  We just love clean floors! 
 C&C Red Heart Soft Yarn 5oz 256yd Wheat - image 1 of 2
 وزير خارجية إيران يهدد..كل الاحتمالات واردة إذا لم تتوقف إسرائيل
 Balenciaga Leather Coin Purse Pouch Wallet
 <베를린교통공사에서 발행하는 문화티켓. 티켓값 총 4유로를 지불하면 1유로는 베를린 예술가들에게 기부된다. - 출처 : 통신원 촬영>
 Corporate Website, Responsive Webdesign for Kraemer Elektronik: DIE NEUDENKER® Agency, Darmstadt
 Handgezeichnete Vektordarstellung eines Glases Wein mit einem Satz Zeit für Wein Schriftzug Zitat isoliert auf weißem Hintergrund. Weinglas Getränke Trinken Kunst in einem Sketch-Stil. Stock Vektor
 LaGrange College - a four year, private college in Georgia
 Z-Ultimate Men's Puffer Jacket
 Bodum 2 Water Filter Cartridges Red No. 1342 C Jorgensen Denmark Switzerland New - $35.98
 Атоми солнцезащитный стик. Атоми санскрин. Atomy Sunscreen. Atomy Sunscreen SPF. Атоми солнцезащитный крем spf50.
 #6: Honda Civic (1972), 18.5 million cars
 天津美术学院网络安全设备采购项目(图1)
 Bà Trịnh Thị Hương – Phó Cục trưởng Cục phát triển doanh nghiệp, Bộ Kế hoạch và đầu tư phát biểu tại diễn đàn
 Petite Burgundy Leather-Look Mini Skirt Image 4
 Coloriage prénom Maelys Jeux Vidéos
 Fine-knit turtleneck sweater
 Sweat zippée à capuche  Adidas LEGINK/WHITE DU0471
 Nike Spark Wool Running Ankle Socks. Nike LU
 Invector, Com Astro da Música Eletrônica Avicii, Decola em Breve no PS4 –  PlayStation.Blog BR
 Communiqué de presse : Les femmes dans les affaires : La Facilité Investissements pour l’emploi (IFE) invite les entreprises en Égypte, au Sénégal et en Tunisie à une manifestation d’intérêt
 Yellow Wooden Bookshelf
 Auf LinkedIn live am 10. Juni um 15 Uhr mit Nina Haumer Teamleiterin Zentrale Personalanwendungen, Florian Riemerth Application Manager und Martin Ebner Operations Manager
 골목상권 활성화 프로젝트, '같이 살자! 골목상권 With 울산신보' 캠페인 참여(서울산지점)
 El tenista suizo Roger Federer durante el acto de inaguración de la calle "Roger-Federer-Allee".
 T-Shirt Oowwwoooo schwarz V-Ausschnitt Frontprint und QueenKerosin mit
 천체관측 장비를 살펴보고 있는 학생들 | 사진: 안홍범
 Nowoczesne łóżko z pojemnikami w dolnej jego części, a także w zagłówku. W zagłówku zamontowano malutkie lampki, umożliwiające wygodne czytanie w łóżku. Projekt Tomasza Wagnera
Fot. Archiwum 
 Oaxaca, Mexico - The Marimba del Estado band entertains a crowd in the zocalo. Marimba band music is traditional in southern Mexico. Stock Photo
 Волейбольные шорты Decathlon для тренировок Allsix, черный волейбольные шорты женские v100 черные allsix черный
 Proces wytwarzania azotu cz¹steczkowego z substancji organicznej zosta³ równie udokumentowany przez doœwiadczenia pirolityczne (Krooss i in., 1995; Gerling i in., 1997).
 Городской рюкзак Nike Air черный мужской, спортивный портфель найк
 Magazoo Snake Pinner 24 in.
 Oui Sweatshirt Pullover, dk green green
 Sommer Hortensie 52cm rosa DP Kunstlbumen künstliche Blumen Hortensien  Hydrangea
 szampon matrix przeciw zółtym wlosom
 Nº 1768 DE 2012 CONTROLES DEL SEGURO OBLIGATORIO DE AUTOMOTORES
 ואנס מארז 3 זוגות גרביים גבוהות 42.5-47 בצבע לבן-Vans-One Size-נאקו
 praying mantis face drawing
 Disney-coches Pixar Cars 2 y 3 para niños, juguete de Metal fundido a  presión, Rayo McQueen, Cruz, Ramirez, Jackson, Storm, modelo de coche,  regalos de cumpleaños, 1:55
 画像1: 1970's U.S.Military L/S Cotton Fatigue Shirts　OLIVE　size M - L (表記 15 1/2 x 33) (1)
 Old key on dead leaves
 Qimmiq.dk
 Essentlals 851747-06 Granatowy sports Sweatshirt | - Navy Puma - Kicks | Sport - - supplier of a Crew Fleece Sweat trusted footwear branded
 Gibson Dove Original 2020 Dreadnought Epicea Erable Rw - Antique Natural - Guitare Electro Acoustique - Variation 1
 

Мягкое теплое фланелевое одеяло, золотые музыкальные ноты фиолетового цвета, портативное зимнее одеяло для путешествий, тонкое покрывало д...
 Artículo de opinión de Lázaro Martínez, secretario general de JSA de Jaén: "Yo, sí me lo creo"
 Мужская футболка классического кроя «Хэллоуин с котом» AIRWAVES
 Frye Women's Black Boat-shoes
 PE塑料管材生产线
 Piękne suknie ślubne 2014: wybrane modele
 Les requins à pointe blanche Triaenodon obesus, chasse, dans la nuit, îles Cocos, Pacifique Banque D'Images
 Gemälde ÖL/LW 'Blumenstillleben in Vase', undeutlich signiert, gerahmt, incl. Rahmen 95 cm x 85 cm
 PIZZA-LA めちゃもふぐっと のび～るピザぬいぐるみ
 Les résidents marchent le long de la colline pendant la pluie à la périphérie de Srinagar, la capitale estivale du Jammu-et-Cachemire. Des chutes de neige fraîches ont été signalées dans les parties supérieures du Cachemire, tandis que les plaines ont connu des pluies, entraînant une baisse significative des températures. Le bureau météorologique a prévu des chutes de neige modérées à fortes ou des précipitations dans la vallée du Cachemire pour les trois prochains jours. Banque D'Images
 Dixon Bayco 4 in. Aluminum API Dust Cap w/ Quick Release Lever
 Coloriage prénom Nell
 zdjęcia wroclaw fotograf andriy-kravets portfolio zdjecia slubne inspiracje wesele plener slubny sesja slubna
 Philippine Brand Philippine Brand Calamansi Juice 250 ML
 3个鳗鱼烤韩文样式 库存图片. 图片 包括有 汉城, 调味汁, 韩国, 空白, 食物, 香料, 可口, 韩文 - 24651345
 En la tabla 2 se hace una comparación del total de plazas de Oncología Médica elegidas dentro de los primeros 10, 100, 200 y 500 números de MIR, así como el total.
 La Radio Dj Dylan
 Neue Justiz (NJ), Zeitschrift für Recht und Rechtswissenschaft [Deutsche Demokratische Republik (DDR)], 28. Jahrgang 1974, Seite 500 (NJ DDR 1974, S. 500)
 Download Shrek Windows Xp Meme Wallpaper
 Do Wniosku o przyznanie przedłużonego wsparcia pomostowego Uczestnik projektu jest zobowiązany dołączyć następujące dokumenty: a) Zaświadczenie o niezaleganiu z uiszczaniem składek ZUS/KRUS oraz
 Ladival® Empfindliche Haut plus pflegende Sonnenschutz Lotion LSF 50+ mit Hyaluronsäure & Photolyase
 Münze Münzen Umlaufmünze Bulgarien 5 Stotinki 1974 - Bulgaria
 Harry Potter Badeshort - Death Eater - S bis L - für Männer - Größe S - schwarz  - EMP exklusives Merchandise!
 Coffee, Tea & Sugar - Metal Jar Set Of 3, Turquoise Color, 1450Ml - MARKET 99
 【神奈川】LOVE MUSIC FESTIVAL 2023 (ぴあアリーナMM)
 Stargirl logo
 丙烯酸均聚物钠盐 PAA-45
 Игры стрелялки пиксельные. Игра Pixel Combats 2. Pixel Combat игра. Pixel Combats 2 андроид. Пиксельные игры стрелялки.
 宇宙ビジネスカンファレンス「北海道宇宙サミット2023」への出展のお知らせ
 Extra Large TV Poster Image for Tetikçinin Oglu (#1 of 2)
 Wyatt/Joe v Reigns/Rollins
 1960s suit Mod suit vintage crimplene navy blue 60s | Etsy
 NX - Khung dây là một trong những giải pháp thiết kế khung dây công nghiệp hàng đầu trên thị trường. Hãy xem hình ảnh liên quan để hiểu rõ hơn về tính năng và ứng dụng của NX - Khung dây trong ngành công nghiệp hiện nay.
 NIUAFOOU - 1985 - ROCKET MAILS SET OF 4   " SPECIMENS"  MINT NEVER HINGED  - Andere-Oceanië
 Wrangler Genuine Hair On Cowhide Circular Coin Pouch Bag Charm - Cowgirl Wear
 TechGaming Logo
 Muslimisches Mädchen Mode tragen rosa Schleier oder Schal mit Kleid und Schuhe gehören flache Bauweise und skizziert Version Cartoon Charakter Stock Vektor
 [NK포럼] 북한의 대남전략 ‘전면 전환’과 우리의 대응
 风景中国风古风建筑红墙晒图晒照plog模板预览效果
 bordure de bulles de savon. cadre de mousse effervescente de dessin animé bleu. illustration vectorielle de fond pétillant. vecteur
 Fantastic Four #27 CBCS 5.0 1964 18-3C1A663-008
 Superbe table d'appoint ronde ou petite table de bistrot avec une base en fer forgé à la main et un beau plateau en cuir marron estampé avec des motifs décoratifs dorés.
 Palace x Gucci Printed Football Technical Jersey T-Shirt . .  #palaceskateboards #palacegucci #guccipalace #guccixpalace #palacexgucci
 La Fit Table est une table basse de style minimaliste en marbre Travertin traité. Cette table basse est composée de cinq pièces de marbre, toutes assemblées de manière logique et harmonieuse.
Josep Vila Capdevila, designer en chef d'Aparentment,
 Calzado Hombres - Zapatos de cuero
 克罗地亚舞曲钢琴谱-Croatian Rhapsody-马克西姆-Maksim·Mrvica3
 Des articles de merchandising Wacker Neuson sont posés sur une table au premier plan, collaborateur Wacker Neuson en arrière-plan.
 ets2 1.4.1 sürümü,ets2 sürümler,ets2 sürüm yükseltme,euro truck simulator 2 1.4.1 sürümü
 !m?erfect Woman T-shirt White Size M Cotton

____________________

> _Task directions_: Copy out each line of the records above that includes "Pouch".

> _Solution to the exercise_:
 Balenciaga Leather Coin Purse Pouch Wallet
 Wrangler Genuine Hair On Cowhide Circular Coin Pouch Bag Charm - Cowgirl Wear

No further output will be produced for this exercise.